(Beginning of Data section)

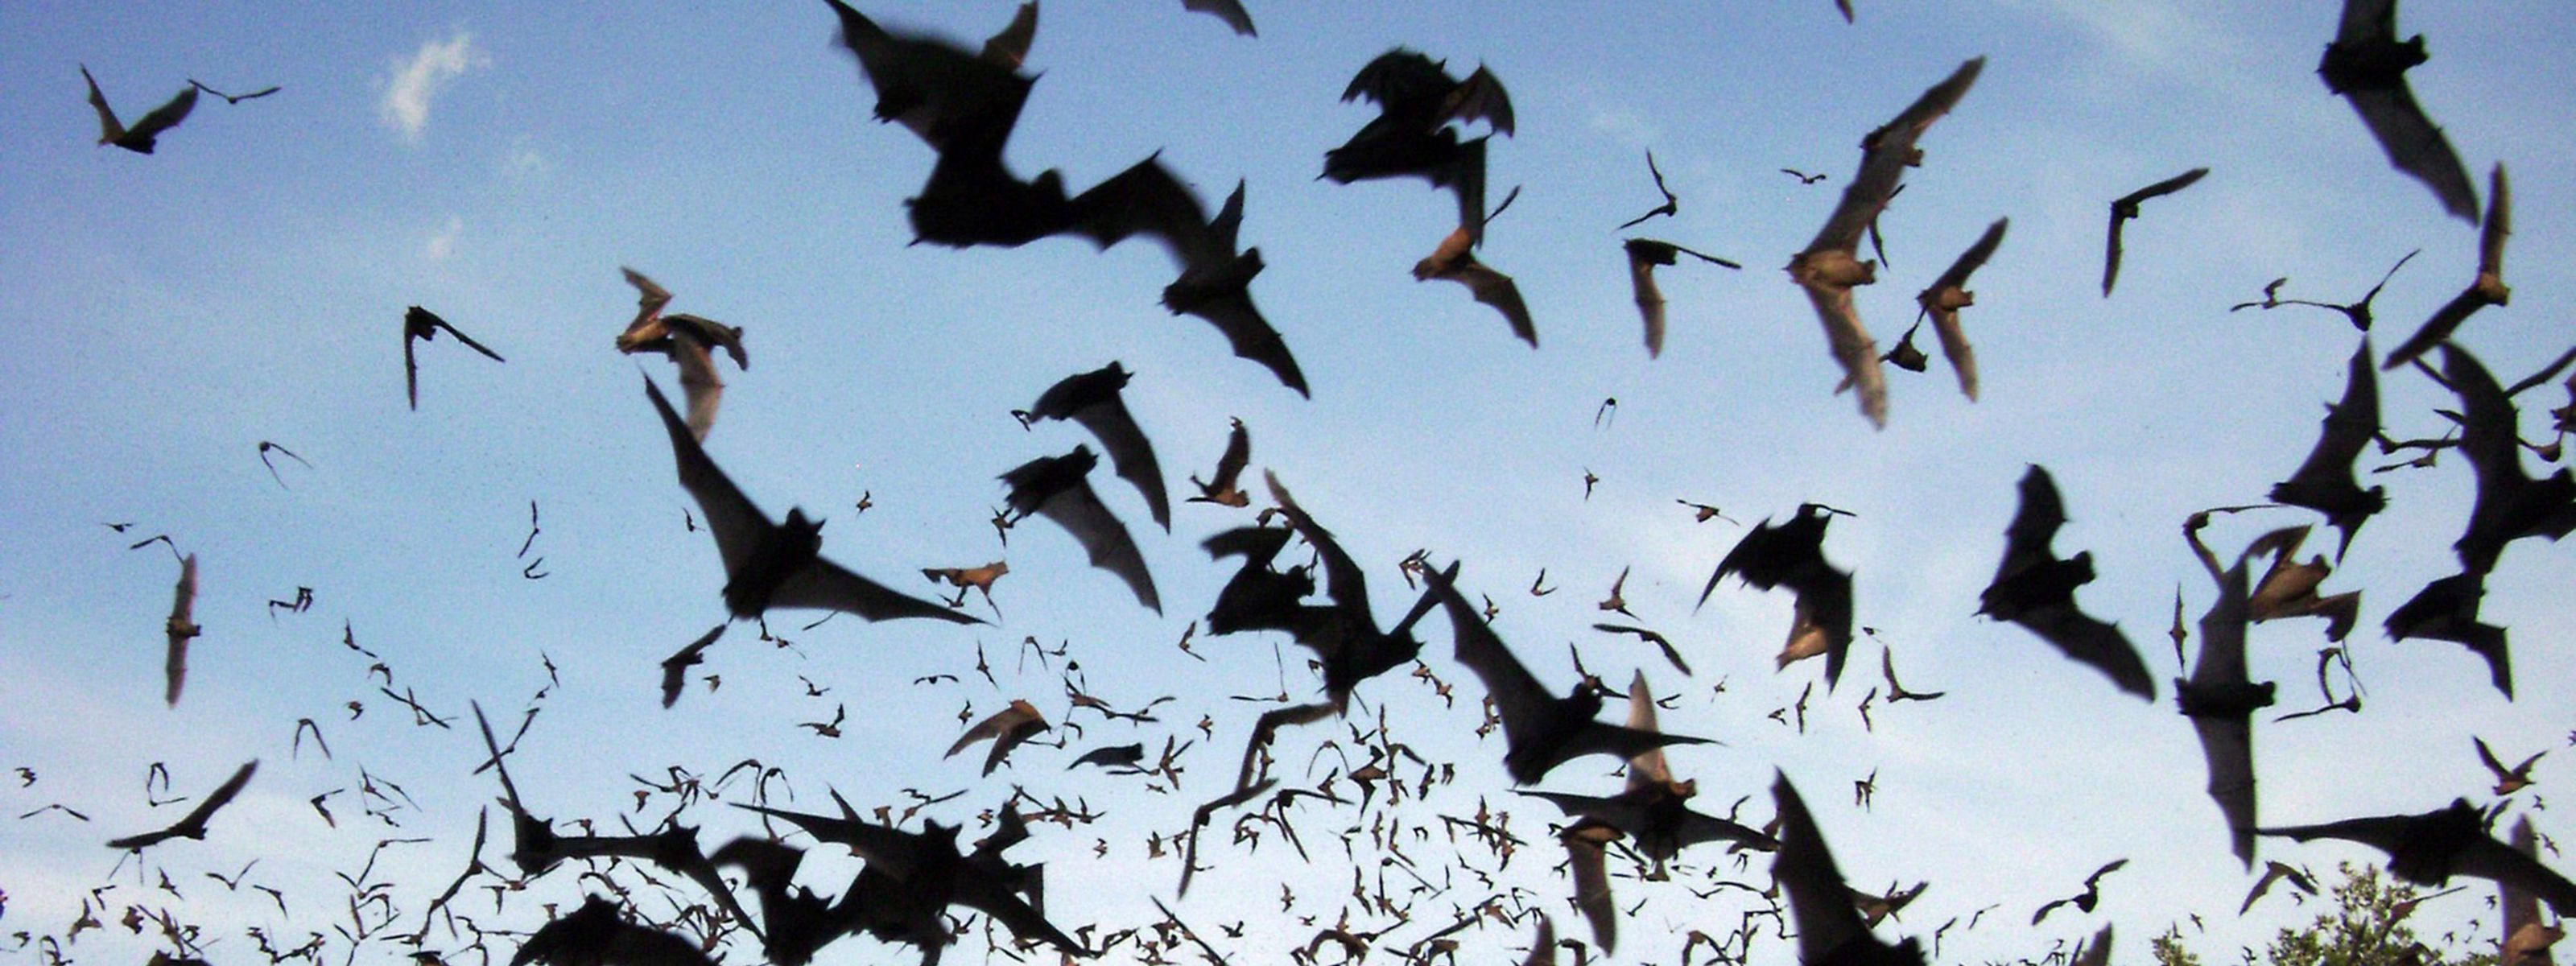 Swarm of bats leave a cave.
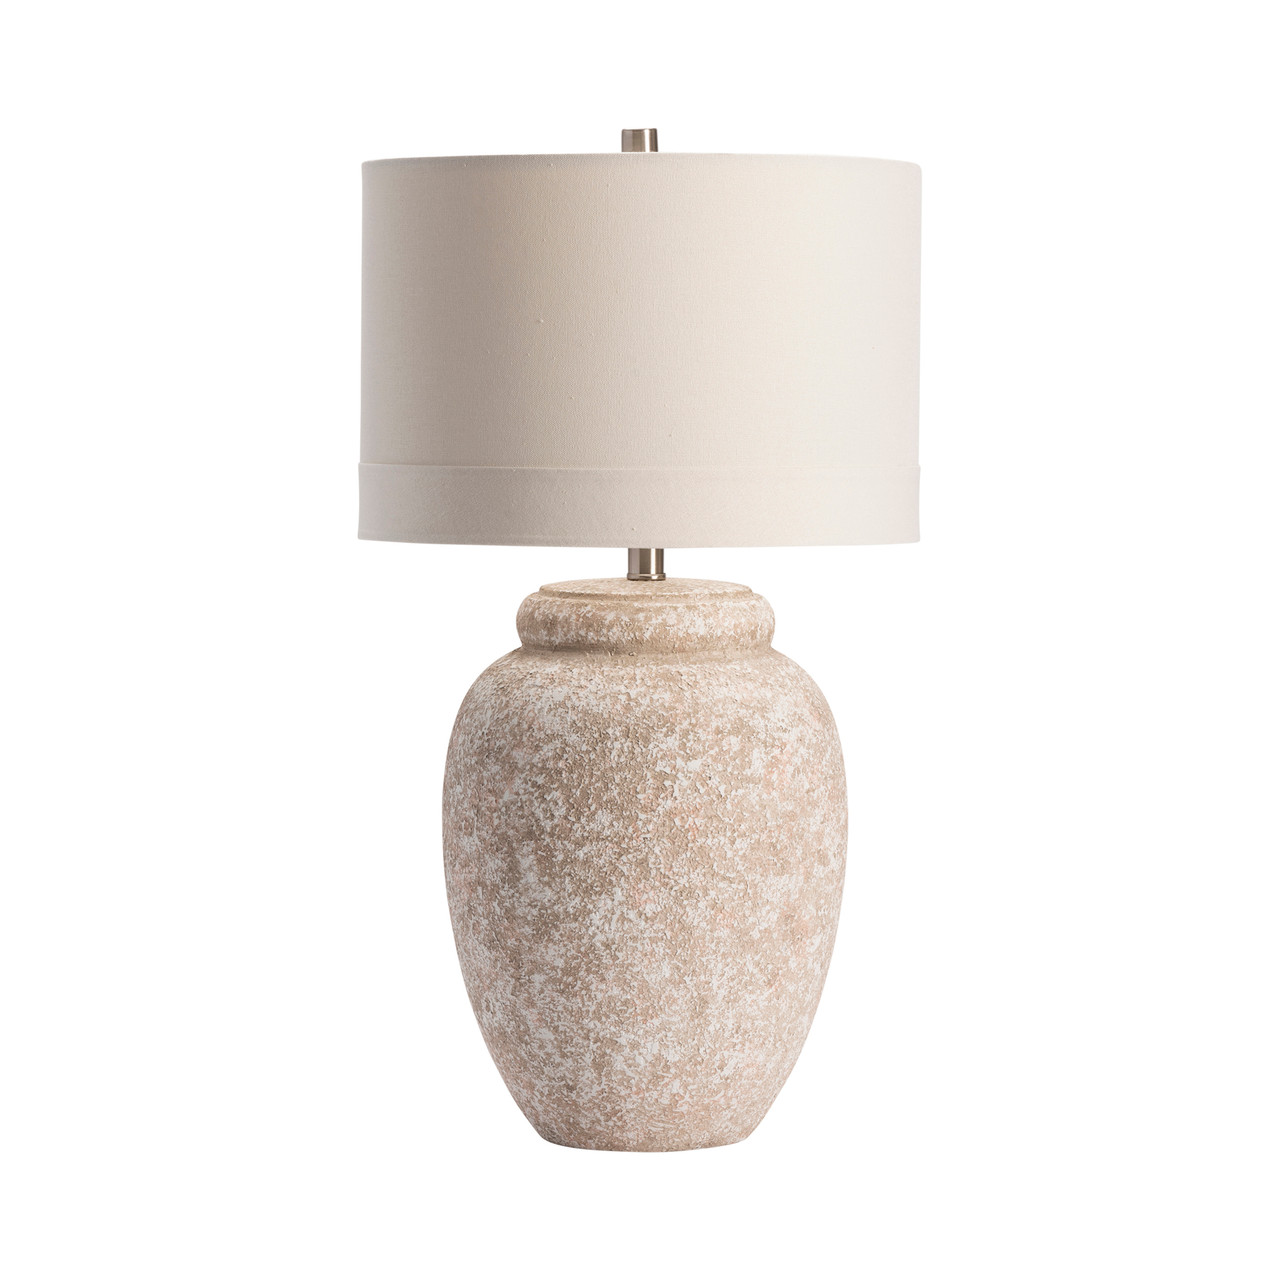 CRESTVIEW COLLECTION CVAZP052 Dune Large Scale Textured Ceramic Table Lamp
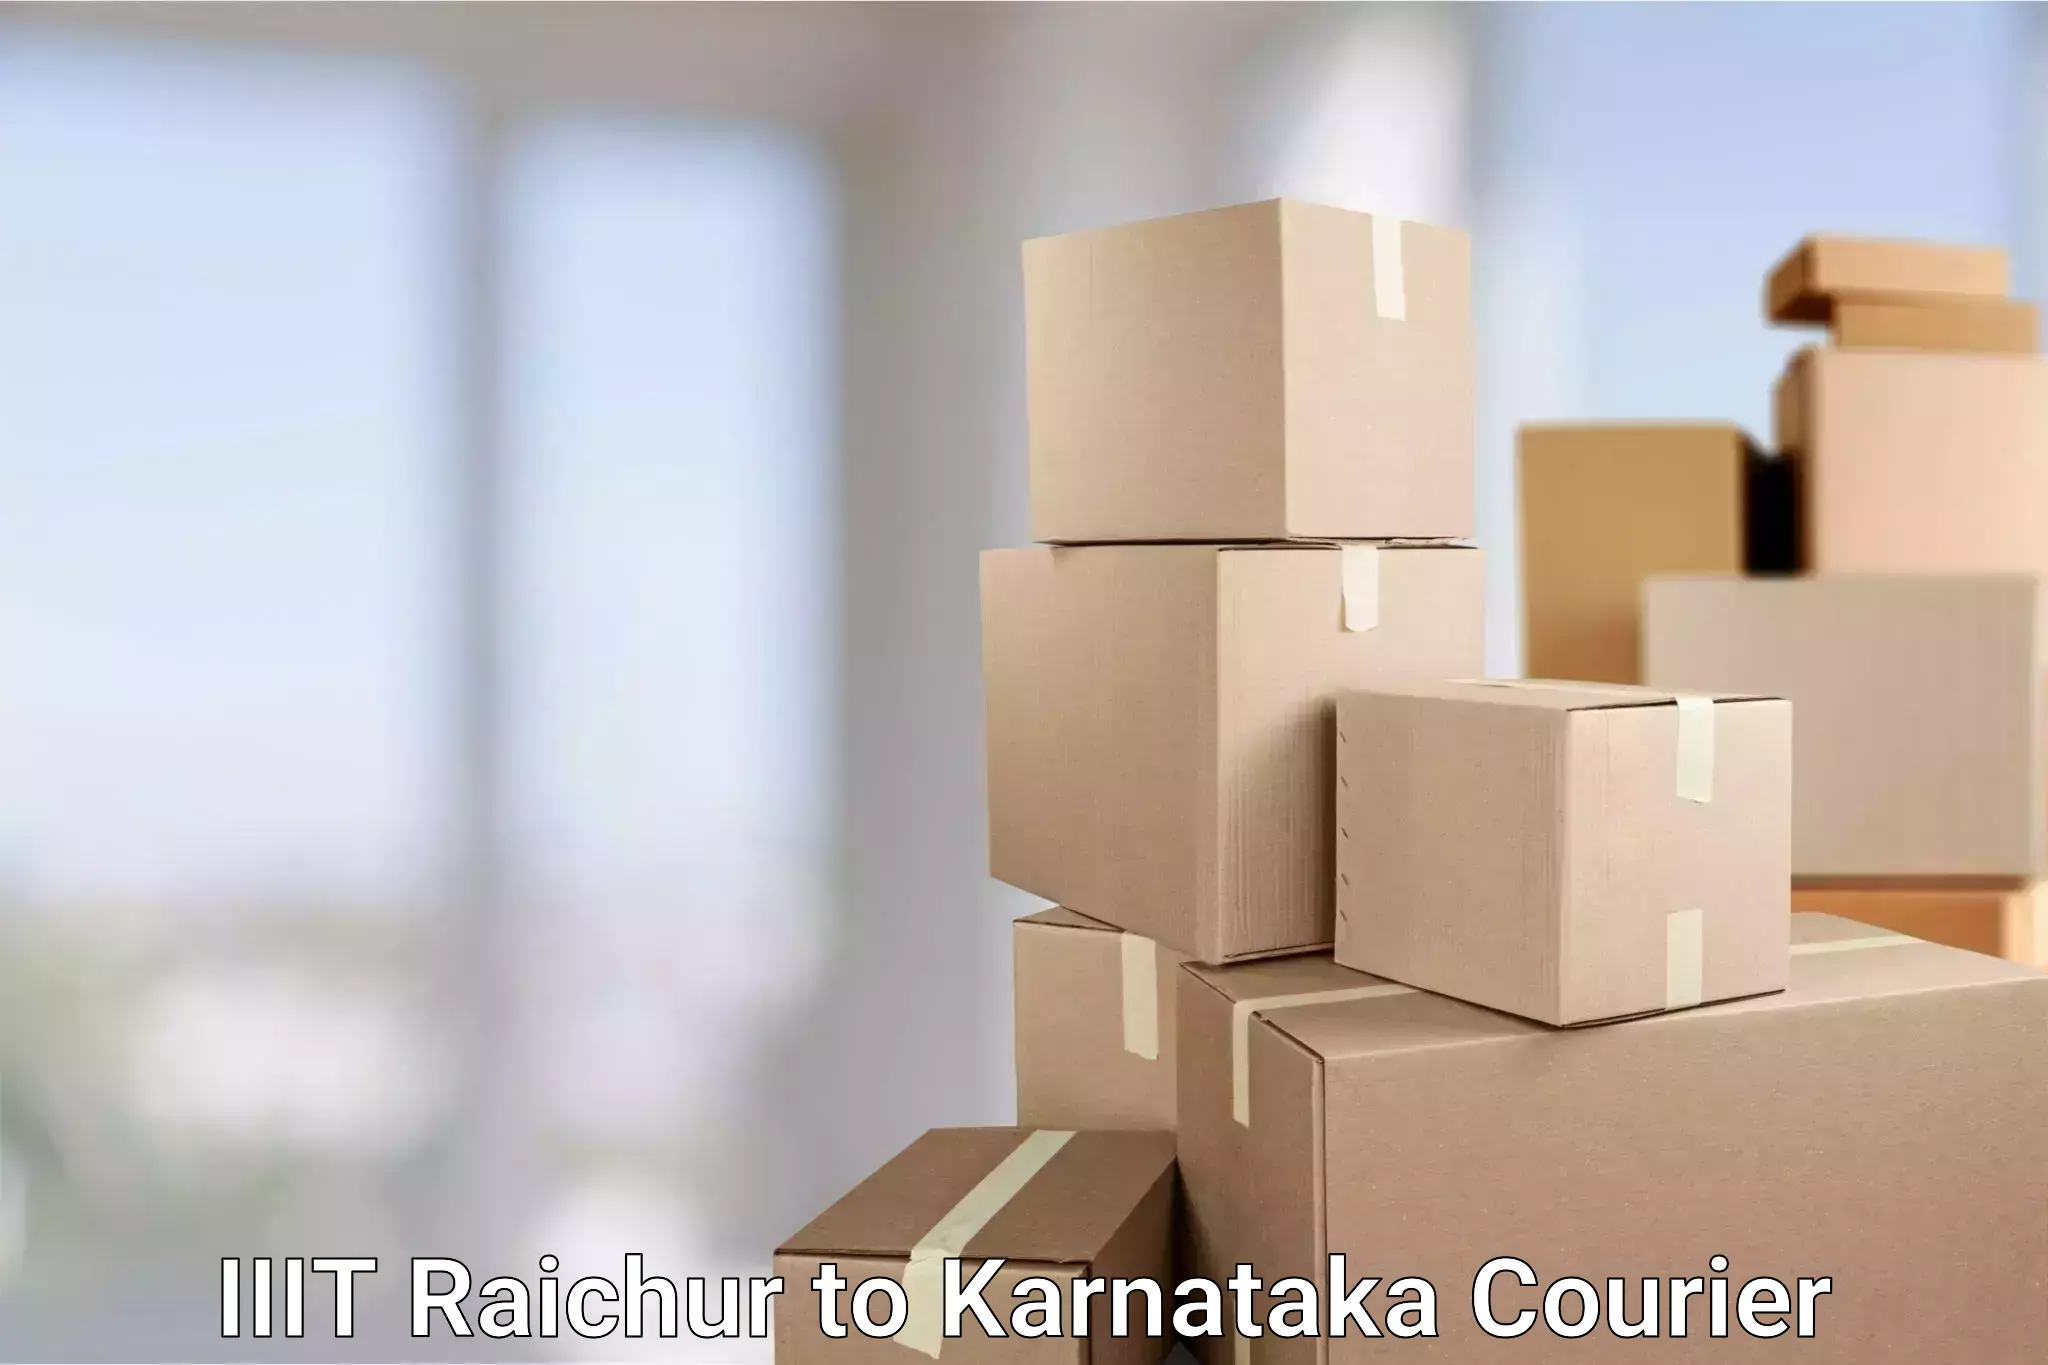 High-quality delivery services IIIT Raichur to Mangalore

(End of Data section)

__Prompt__. Write out all of the data above exactly, without any of its pictures.

__Response to the task__.
 Swarm of bats leave a cave.
 CRESTVIEW COLLECTION CVAZP052 Dune Large Scale Textured Ceramic Table Lamp
 High-quality delivery services IIIT Raichur to Mangalore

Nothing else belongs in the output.